MIHET’s mission statement is to systematically strengthen its students’ spiritual practices, scriptural knowledge and understanding; to help them develop their practical skills in preaching, studying, teaching, serving, worshiping, leading, managing, and living in Krishna consciousness; and to enthuse them to dedicate their lives to Srila Prabhupada’s movement.
Many past students have themselves become teachers of spiritual education courses. Others, after building a strong devotional foundation at MIHET, have gone on to become empowered teachers of Krishna consciousness; and many have taken on leadership positions within ISKCON.
Many students have also gone on to jobs or education in the outside world. These say that their experiences at MIHET have helped them remain spiritually strong in situations that are not spiritually supportive.

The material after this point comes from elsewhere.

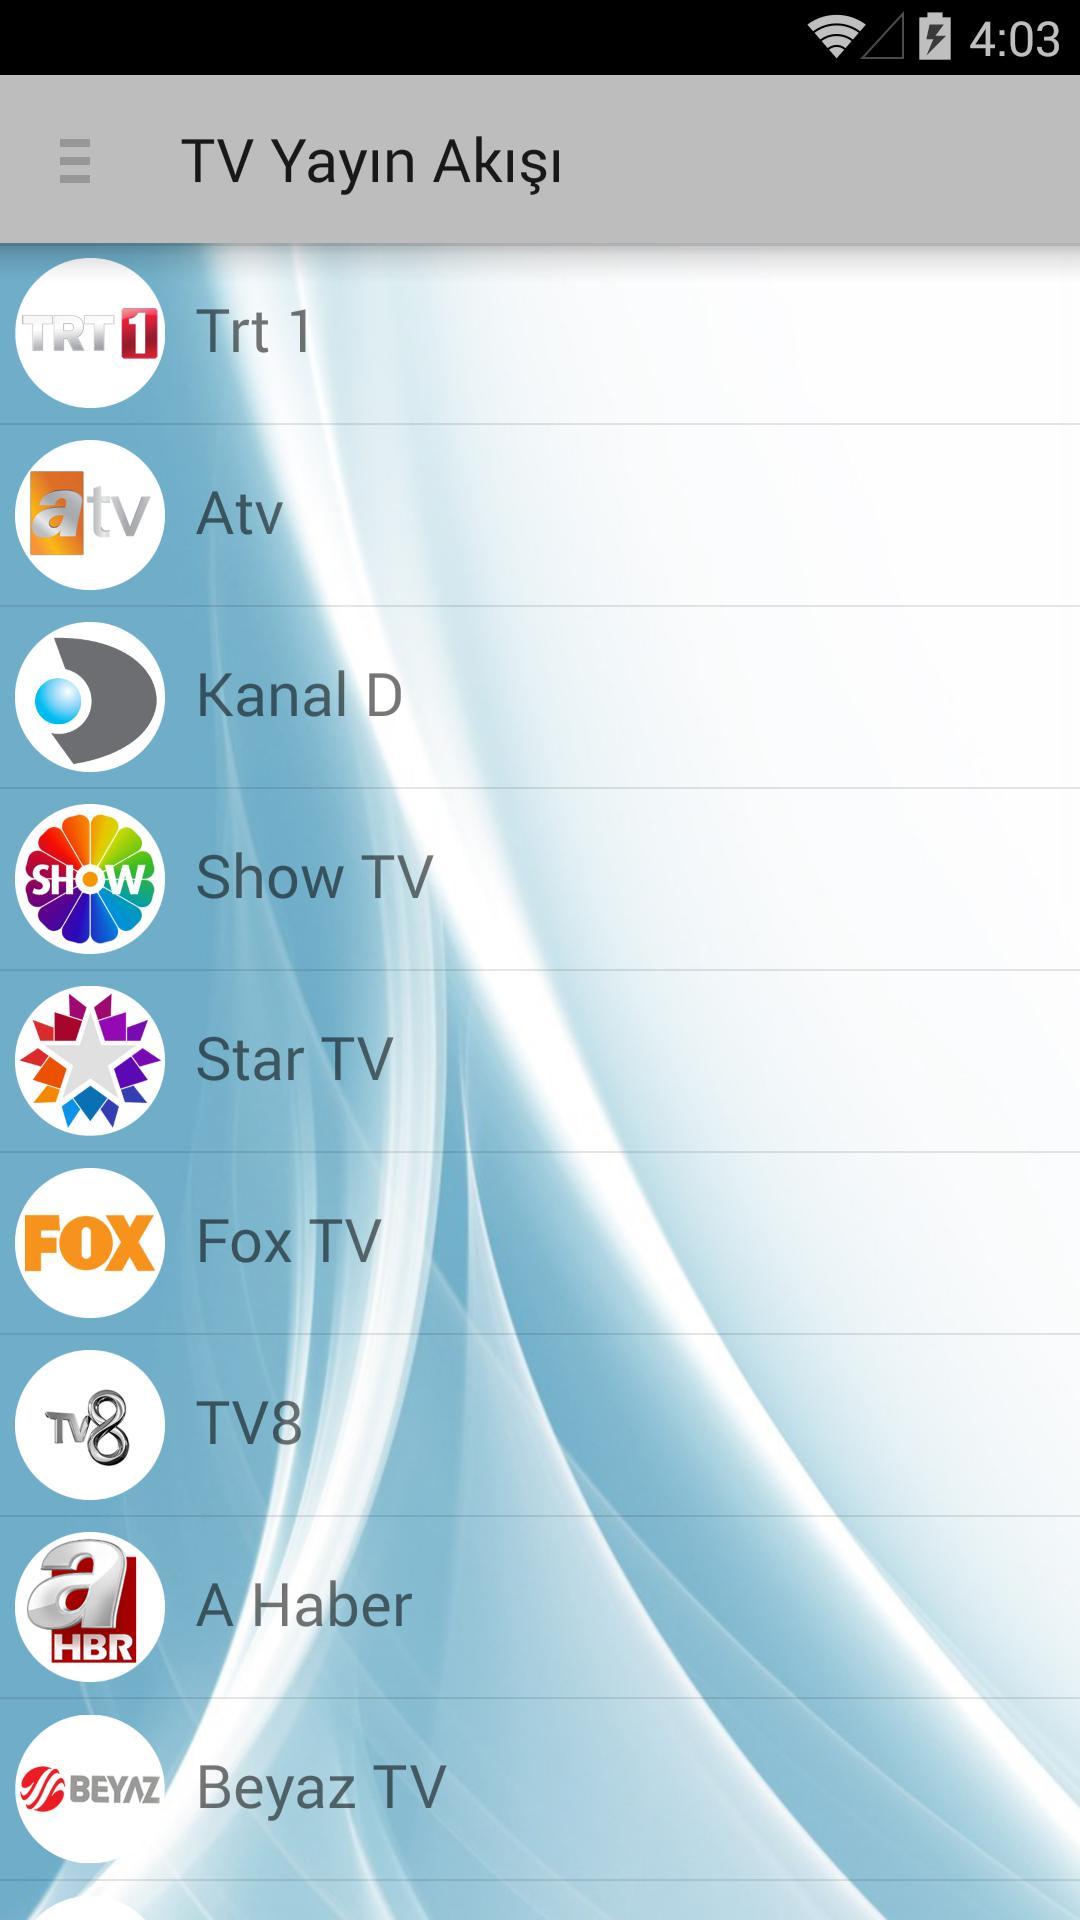 TV Yayın Akışı for Android - APK Download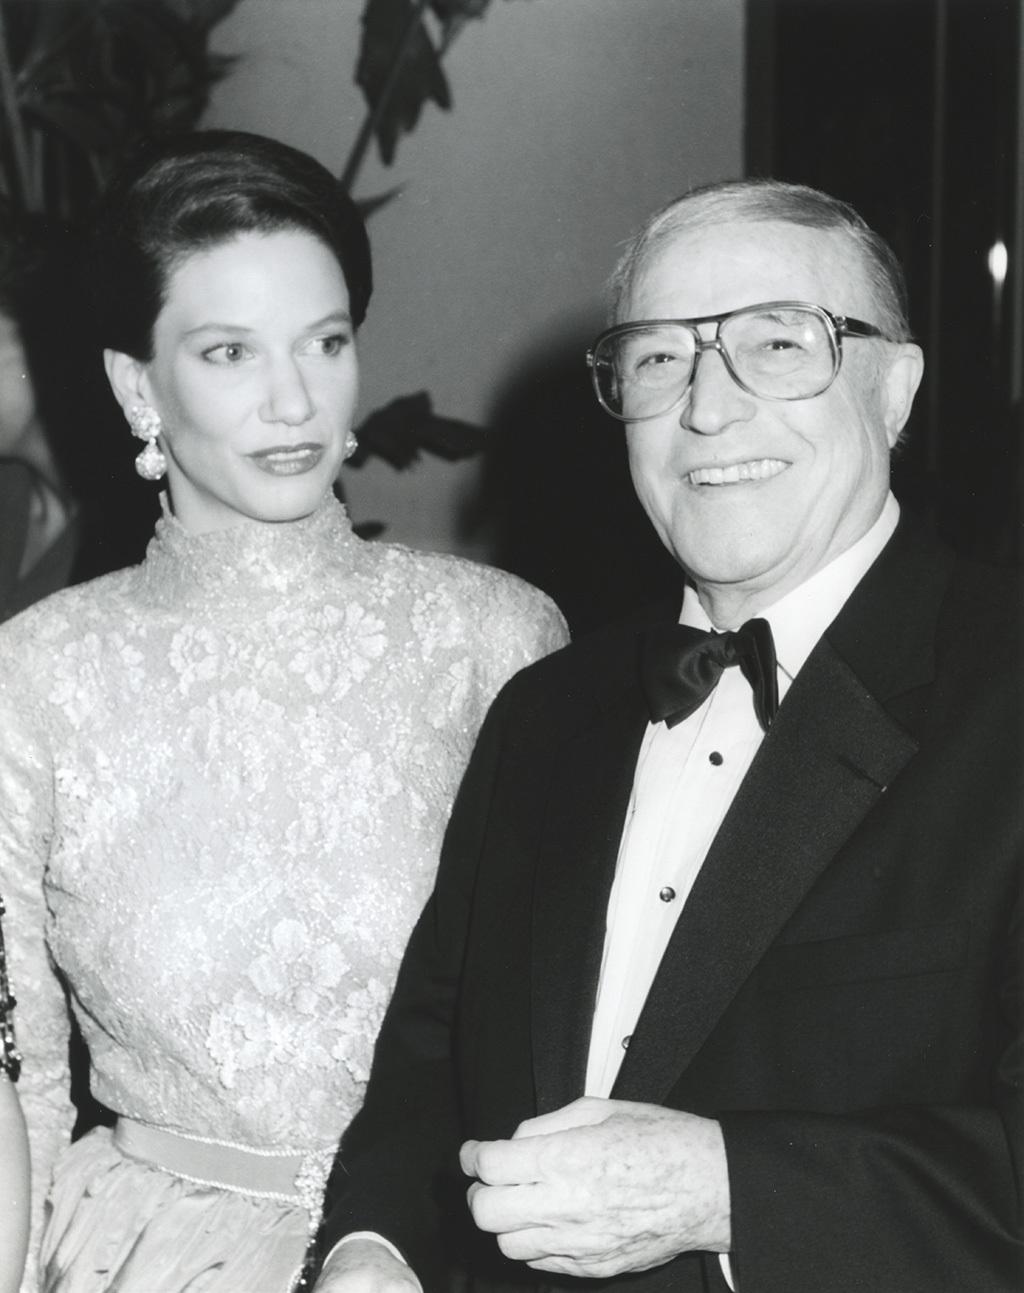 Gene Kelly and Patricia Kelly

“We hope to continue to do what we have been doing for the last ten years, as well as to add new courses,” Janmastami says. “We are also hoping to play a role in fulfilling Prabhupada’s dream of establishing a university in Mayapur.”
Janmastami, who has been the director of MIHET for the past ten years, has recently resigned due to health issues. He continues to teach MIHET courses, however, and serves as a consultant to the Institute’s administration.
“We have our strongest line-up of Bhakti-sastri teachers ever this year and we are hoping to have our biggest turnout of students,” he says. “This may be not new, but it is always an exciting event in Mayapur when our students arrive—both for the students and the Mayapur devotees.”